Court of appeals decision

The court of appeals disagreed with STII's constitutional claims, holding that they fell short on the merits. The court stated that, "Simply put, Stop This Insanity would like to use its segregated fund to solicit the entire public while concealing its expenses for such solicitation."

Although Stop This Insanity, Inc. has the ability to make independent expenditures directly from its corporate treasury funds without using an SSF to do so, the court noted that it nonetheless chose to establish an SSF to make such independent expenditures: "Despite the availability of a more robust option—at least when it comes to independent expenditures—the Corporation has decided to do things the hard way. And now, trapped in a snare it has fashioned for itself, STII decries its inability to use the [SSF] in the way it sees fit—without the limits Congress attached to the operation of these funds."

The court wrote that a "critical flaw" in STII’s argument was that it voluntarily chose a more complicated means of engaging in its political speech than it had to use and "claims [that] there is a constitutional right to do things the hard way. We cannot sanction such an illogical conclusion." The court further noted that no PAC has the ability to make solicitations of the general public (as opposed to only a limited class of individuals) for contributions to pay for political speech without disclosing who is funding the PAC’s administrative and solicitation expenses.

The court explained that solicitation restrictions do not restrict the manner or amount in which a PAC may spend money, and held that the solicitation restrictions challenged by STII "are not properly treated as constraints on independent expenditures," nor do they "silence" a particular speaker.

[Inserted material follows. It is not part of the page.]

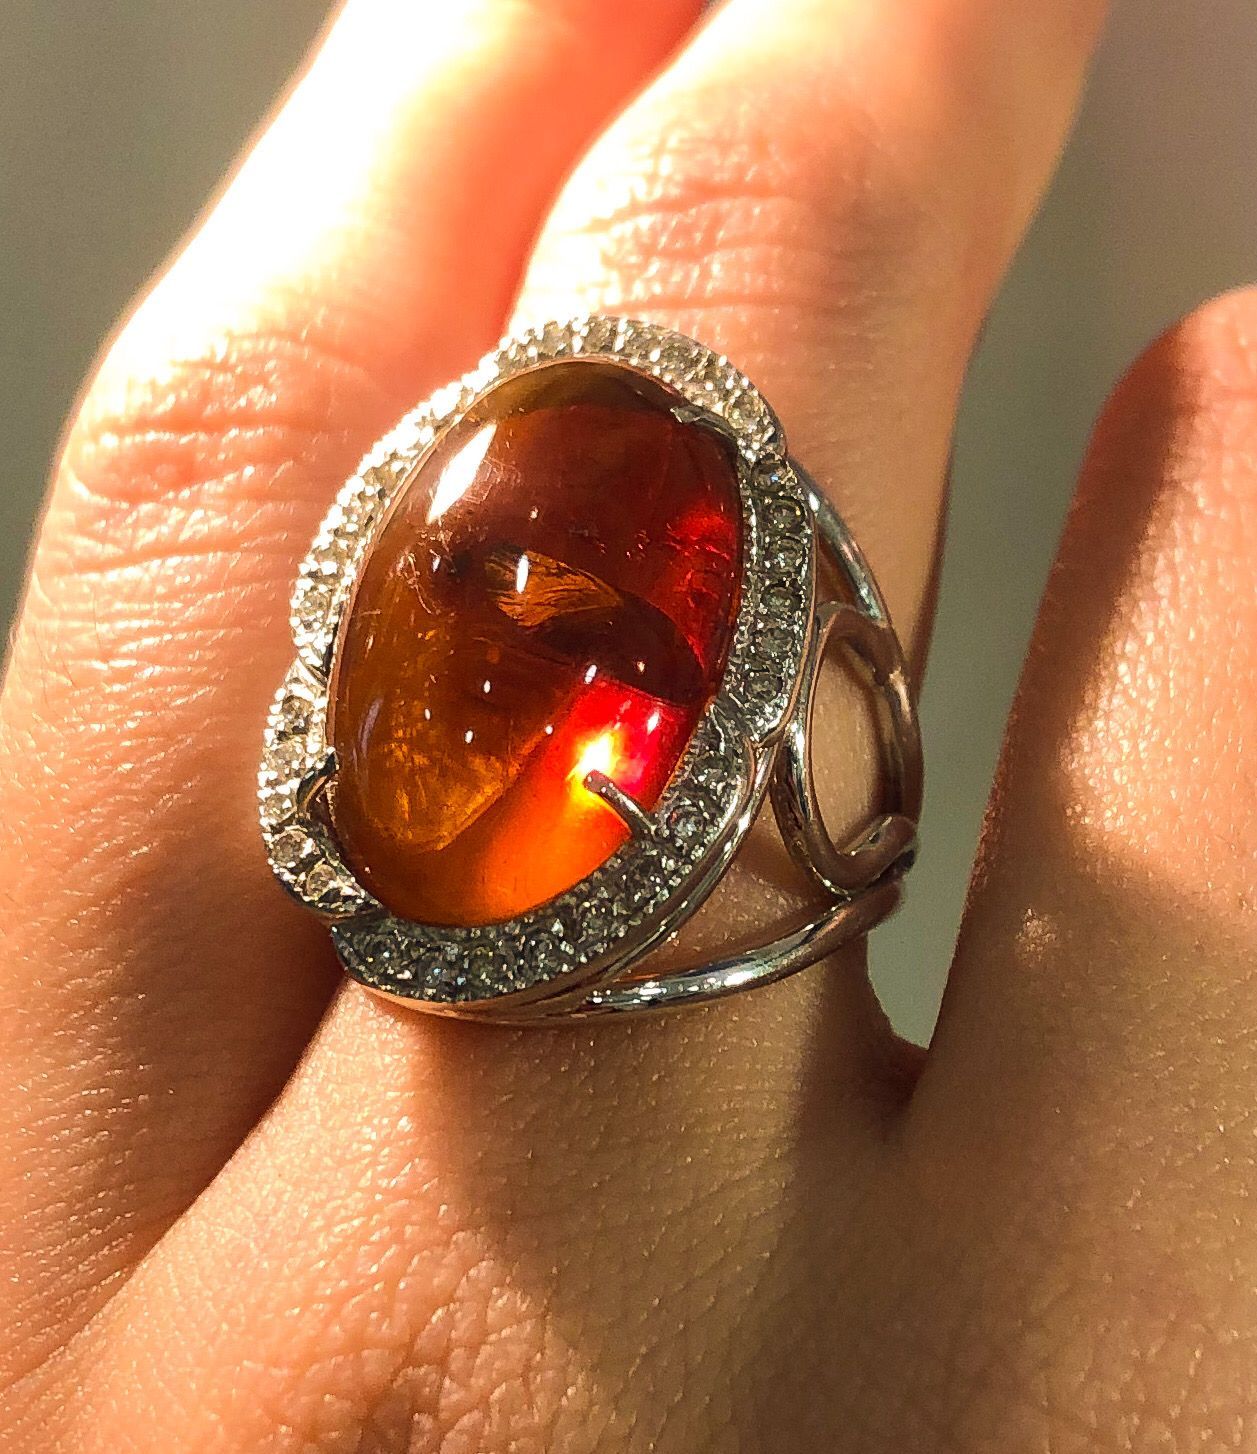 Null 18 kt gold ring with amber and diamonds. Diamonds weighing . About 0.30 ct.&hellip;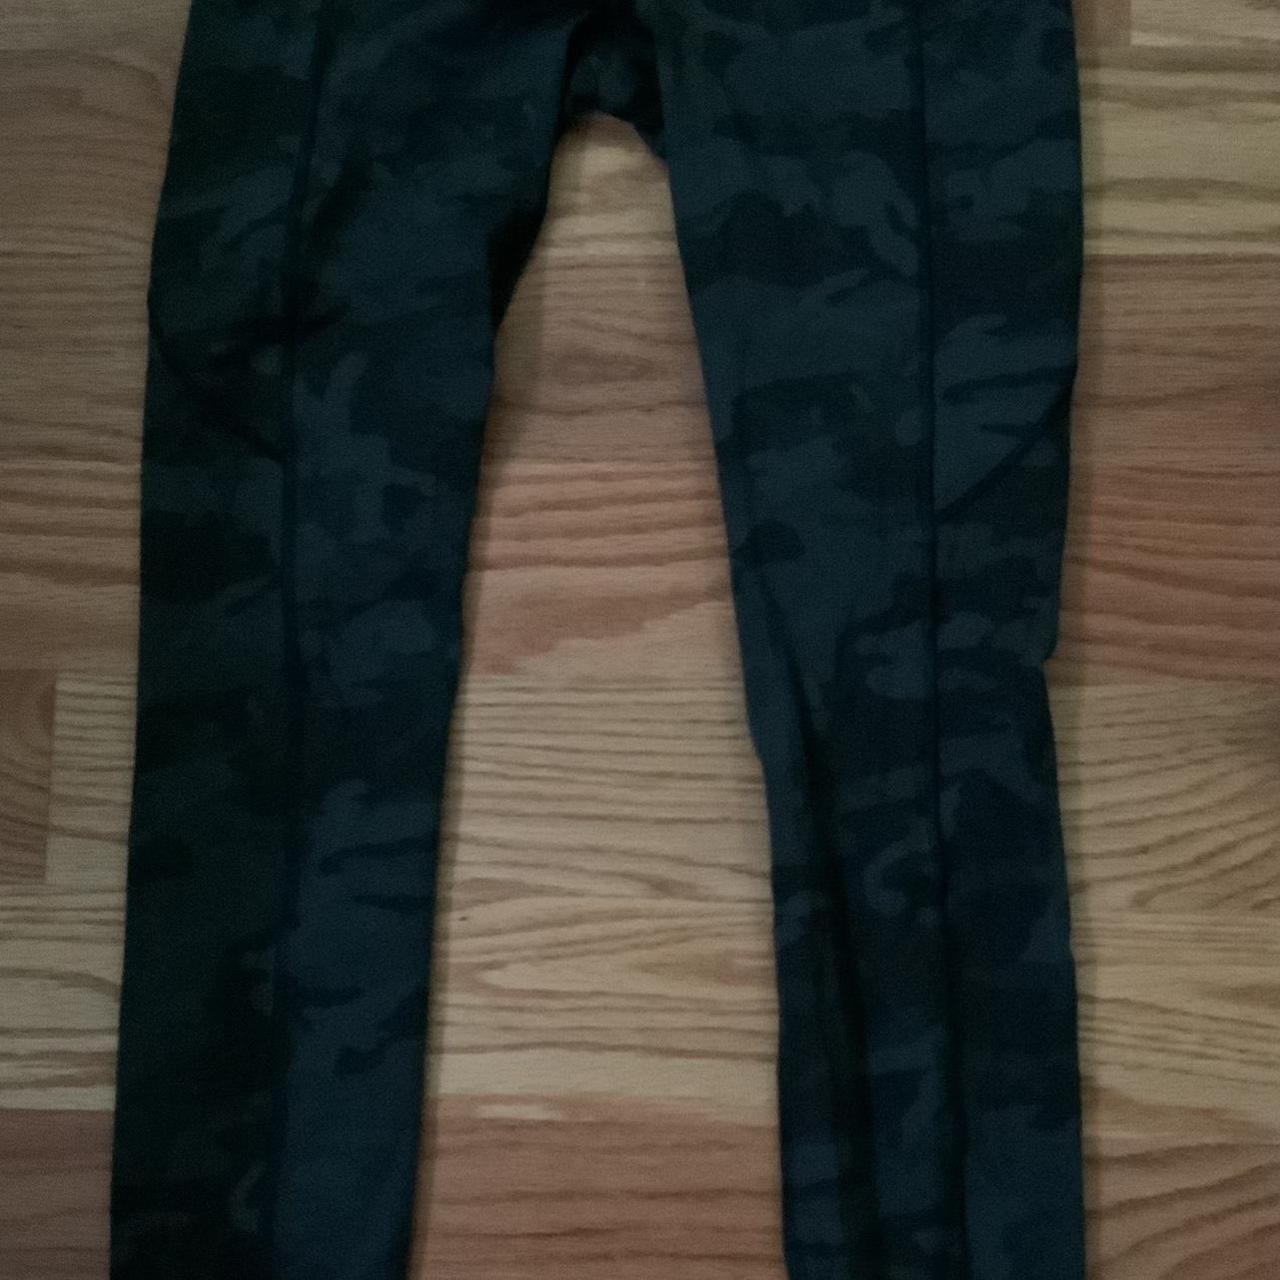 grey camo fast and free high rise tight size 4 25... - Depop

The court declined to accept the argument of STII, writing that STII already is capable of conducting broad solicitations, yet "it wants a vehicle capable of soliciting without transparency." In affirming the District Court's dismissal, the Court of Appeals held that "[i]f the Fund wishes to solicit freely, it must do so in the light."

Supreme Court decision

On January 12, 2015, the United States Supreme Court denied STII's Petition for a Writ of Certiorari thereby letting stand the dismissal of STII's complaint.